How does storage work?
* Traditional databases use SQL to represent data, and we write SQL in order to read/write it. In Ethereum, the language is EVM bytecode, and operates purely on a key-value basis (`sstore`, `sload` opcodes), no relational model (joins, etc). Smart contracts are like writing programs that natively use the database for storing their data structures.
* EVM has two notions of memory locations - `memory` aka RAM, and `storage` aka disk.
* Every contract has its own private namespace for `storage`, and other contracts cannot read it, they must use contract calls to interface with each other.
How does consensus work?
* Ethereum is a blockchain, meaning the latest block hash represents the state of your entire system - all of the transactions it has processed, the latest state of the database, the balances, the smart contract programs, etc.
* An easy way to think about it - each block represents a tick of the system, and the block hash is like the time.
* In Ethereum 1.0, the clock was based on proof-of-work. But since August 2022, it's been upgraded to a new protocol, proof-of-stake.
* **You can track the clock without tracking the rest of the database**. This is called a _light node_, but since Eth 2.0, it just means running a "consensus node" - since the consensus layer has been split from the execution layer.

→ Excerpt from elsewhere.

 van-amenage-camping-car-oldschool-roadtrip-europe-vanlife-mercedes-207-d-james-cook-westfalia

How does the block hash represent?
* The block hash represents the cryptographically authenticated state of Ethereum - which is a fancy way of saying, it's a big fat merkle tree, and you can prove anything in the database by revealing a path from the root to the leaf.

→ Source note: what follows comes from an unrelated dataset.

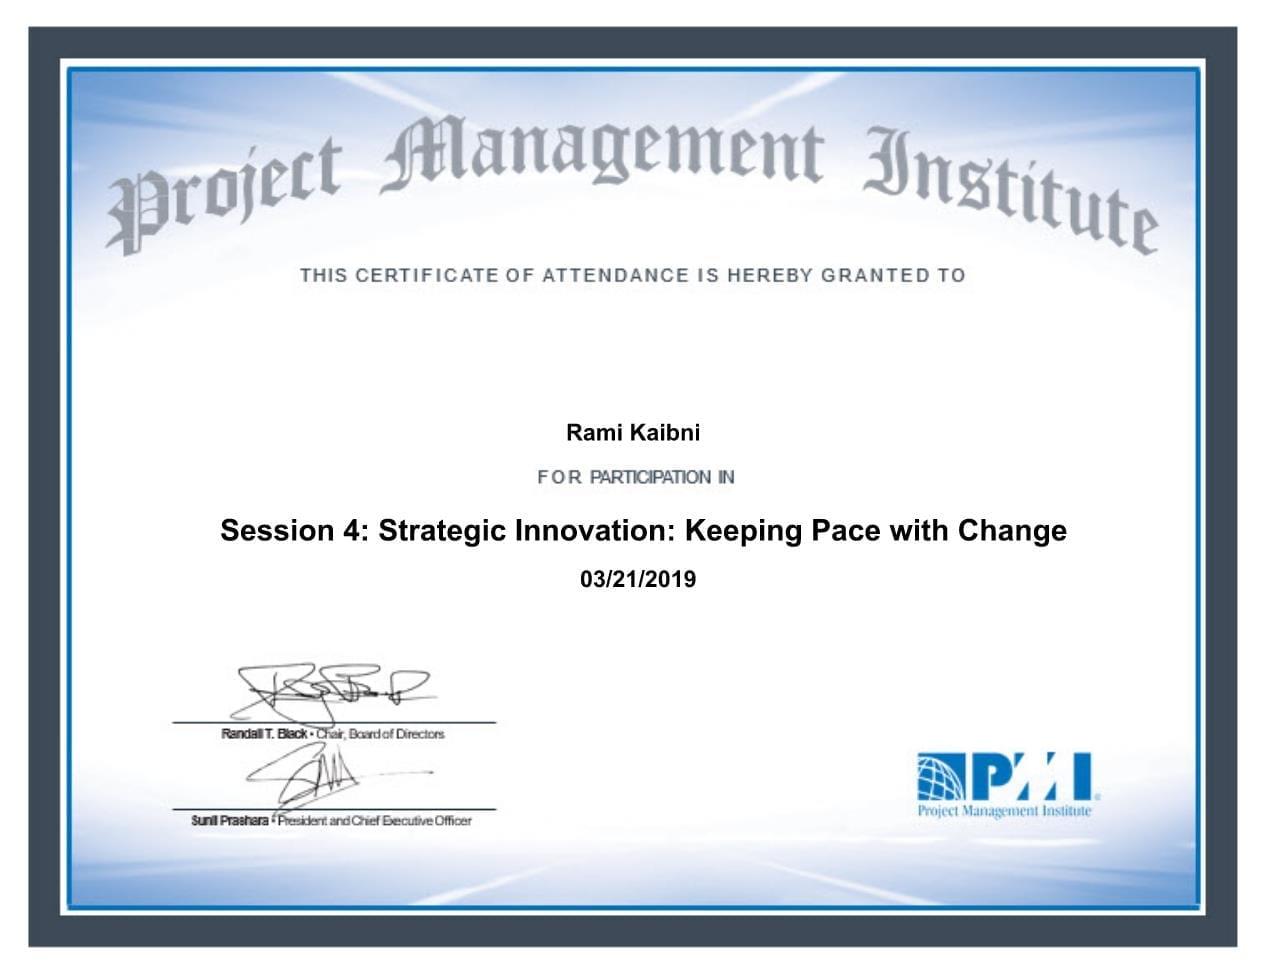 Session 4 - Strategic Innovation

* The [**_seminal_ diagram for the Ethereum world state is here**](https://ethereum.stackexchange.com/questions/268/ethereum-block-architecture/6413#6413). Seriously, this was made in 2018 and is just _that_ fucking good.
* Simply put, Ethereum's world state is split into 3 tries - accounts, code, and storage.
* This looks like:
* `state => (Accounts(address => balance), Code(address => bytes), Storage(contract_address => (bytes32 => bytes)))`
### (2) How we can detect censorship.
Concept:
* If we have a consensus node, we know the block hash.

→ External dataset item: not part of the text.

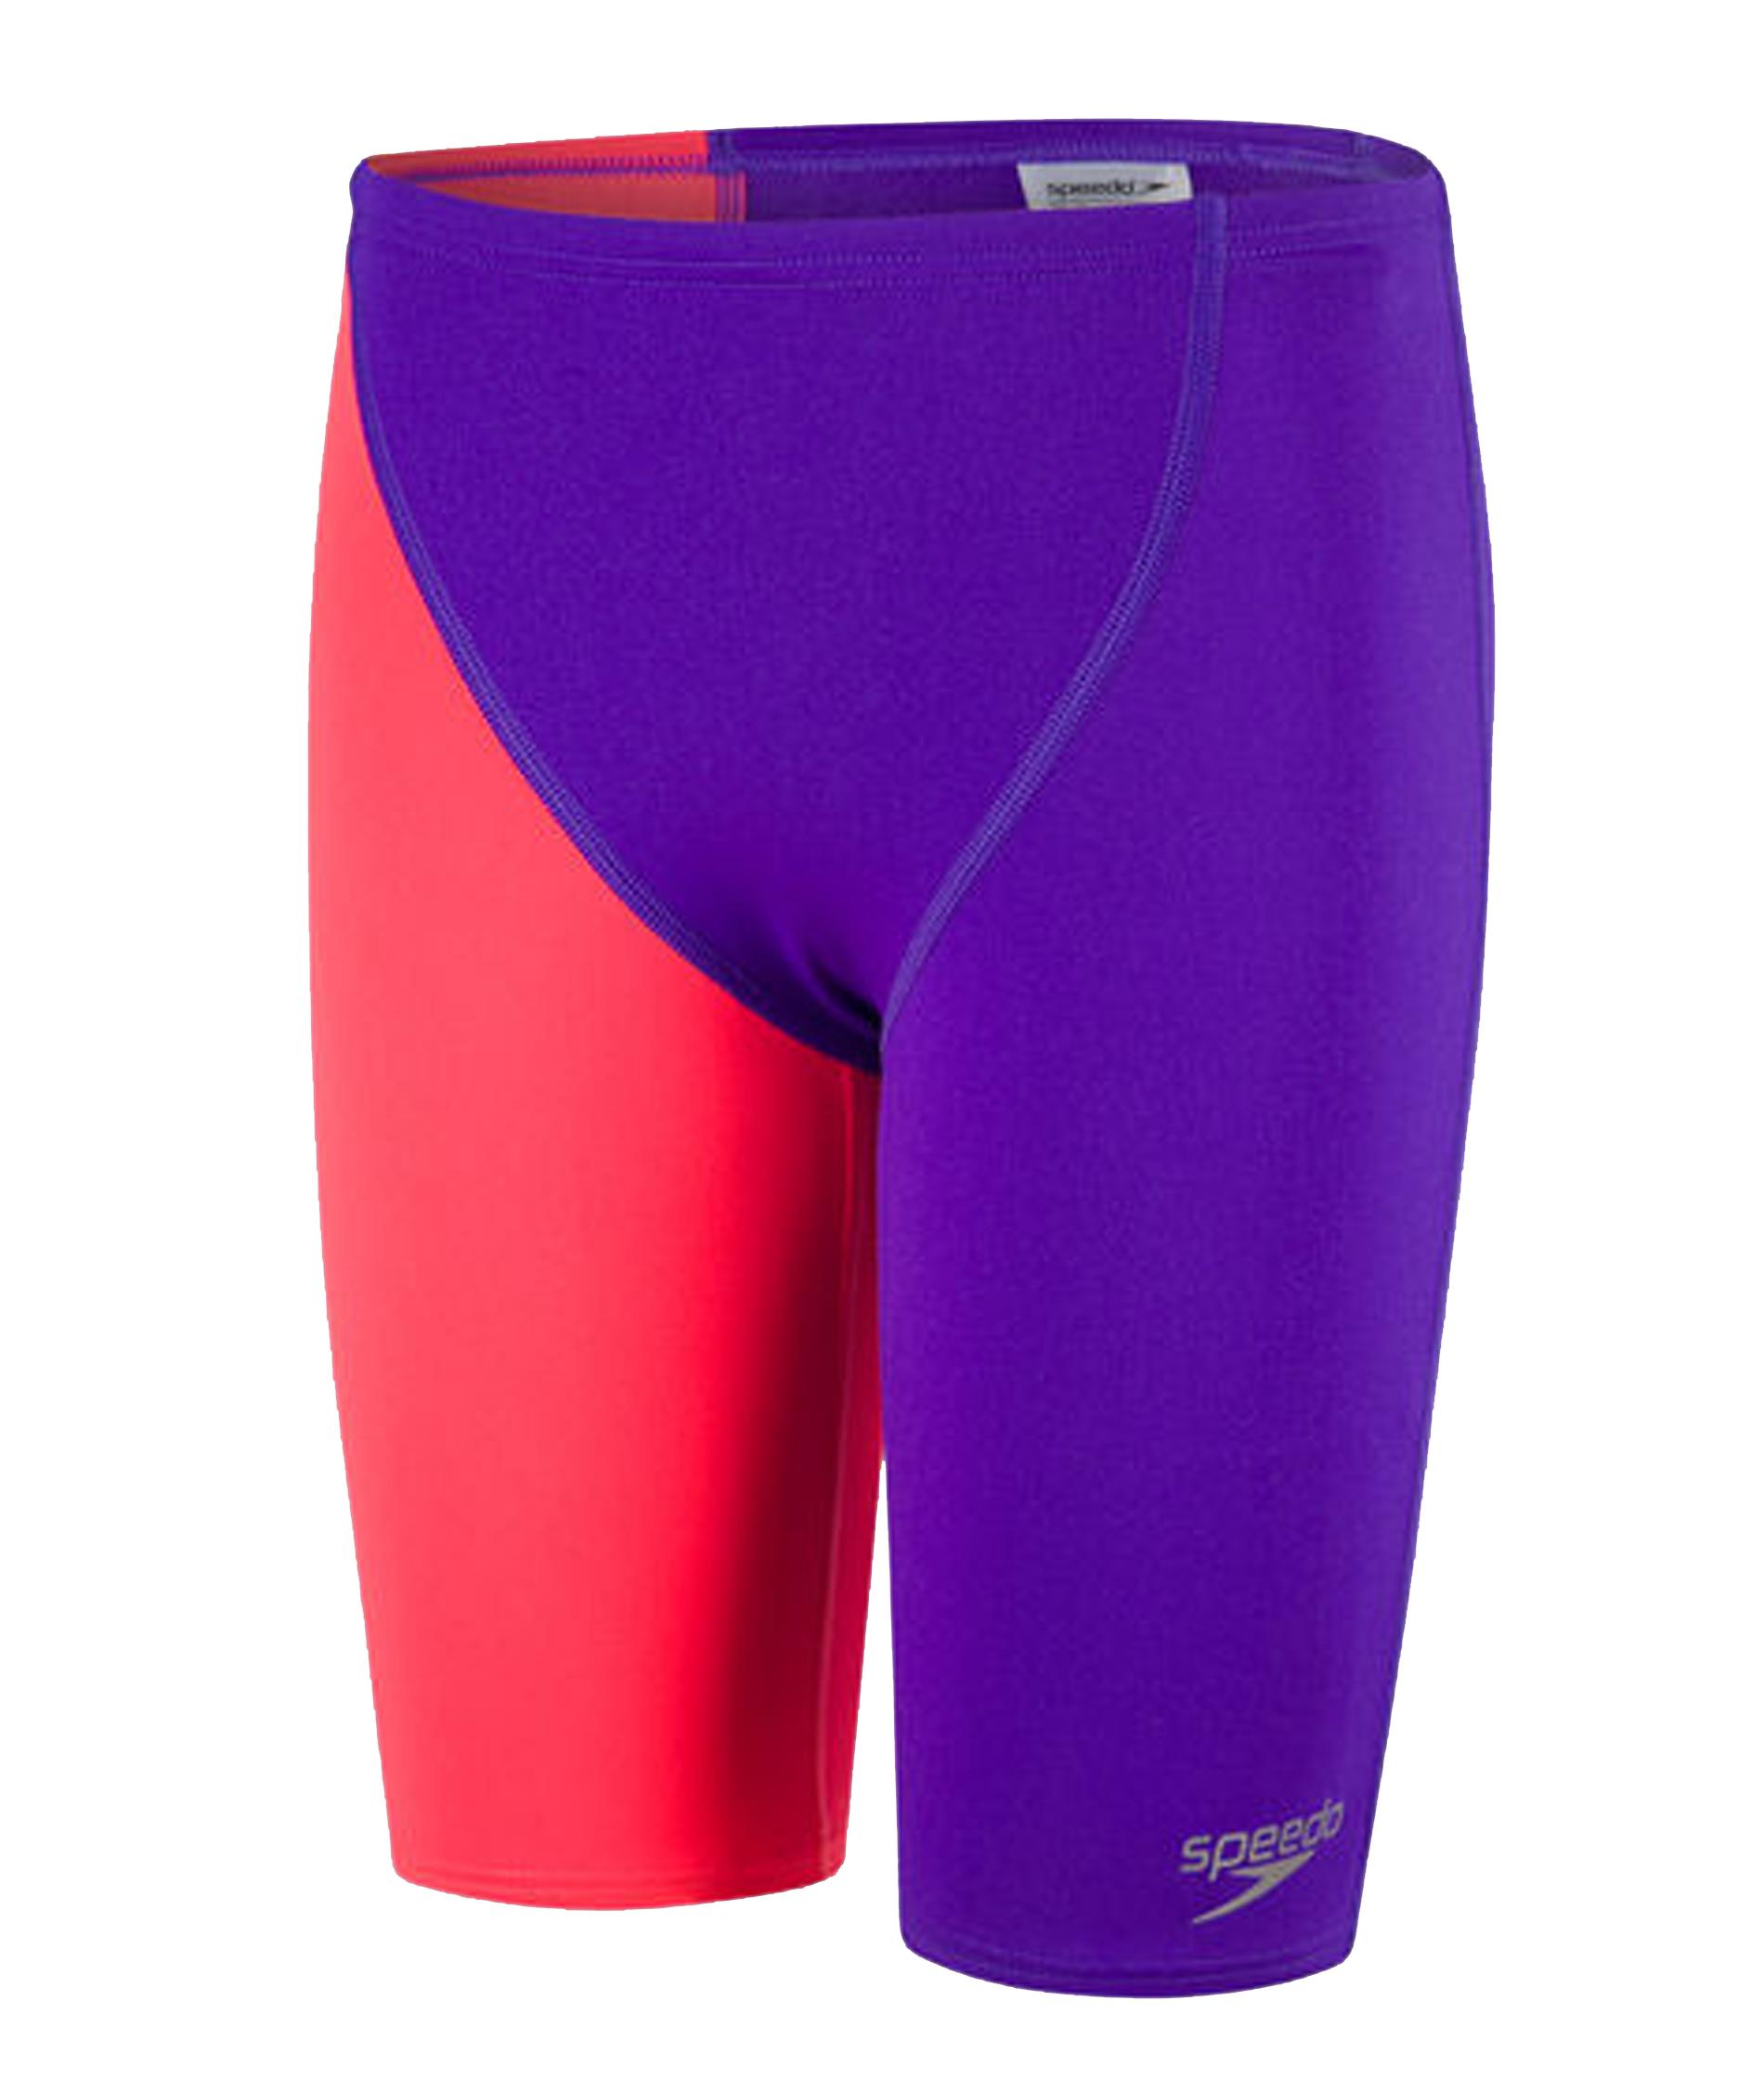 Speedo Junior Fastskin Endurance+ High Waisted Jammer - Purple/Red (32)

* If we know the block hash, we can verify proof of anything in the database.
* Looking up the `contenthash` for `tornadocash.eth` is simply running a very small amount of EVM code, that interacts with a very small amount of state.
* `state.Code[ENSResolver]`
* `state.Code[ContentHashResolver]`
* `state.Storage[ContentHashResolver][hashes][tornadocash.eth]`
* If we ask the RPC node for this state using `eth_getStorageAt`, we can **trivially** verify if it was censored or not. How?
* By requesting a merkle proof of the path: `(block_hash, storage, ContentHashResolver, hashes, tornadocash.eth)`
* If the hash check fails, then we know the state leaf isn't authentic.
Ideation:
* A lightweight consensus node like [Helios](https://github.com/a16z/helios).
* Requesting state directly from the RPC node using [`eth_getStorageAt`](https://docs.alchemy.com/reference/eth-getproof)
* Executing EVM `eth_call` client side (ie. something like [Wei/FUCory's work](https://twitter.com/fucory/status/1608193056725139456?s=61&t=boSMYnkV-3i-5YN_FeTIoQ)), and [lazily loading](https://en.wikipedia.org/wiki/Lazy_loading) the storage from the remote execution node.
* Load the `msg.to` contract's code.
* Execute a local EVM.
* When encounter `CALL`, load the corresponding contract's code.
* When encounter `SLOAD`, load the corresponding storage key.
* Verify both of these through Merkle proofs, so we can detect inauthentic state.
* Return the value of the call like normal, ie. `contenthash(xx)`
Next steps:
* Sanity check this could work.
* Build this.
* Run it against every publicly available RPC provider - Infura, Quiknode, Alchemy, POKT.
**Why?** Because while we know which nodes censor transactions to Tornado, we don't know which nodes censor read-access to Tornado.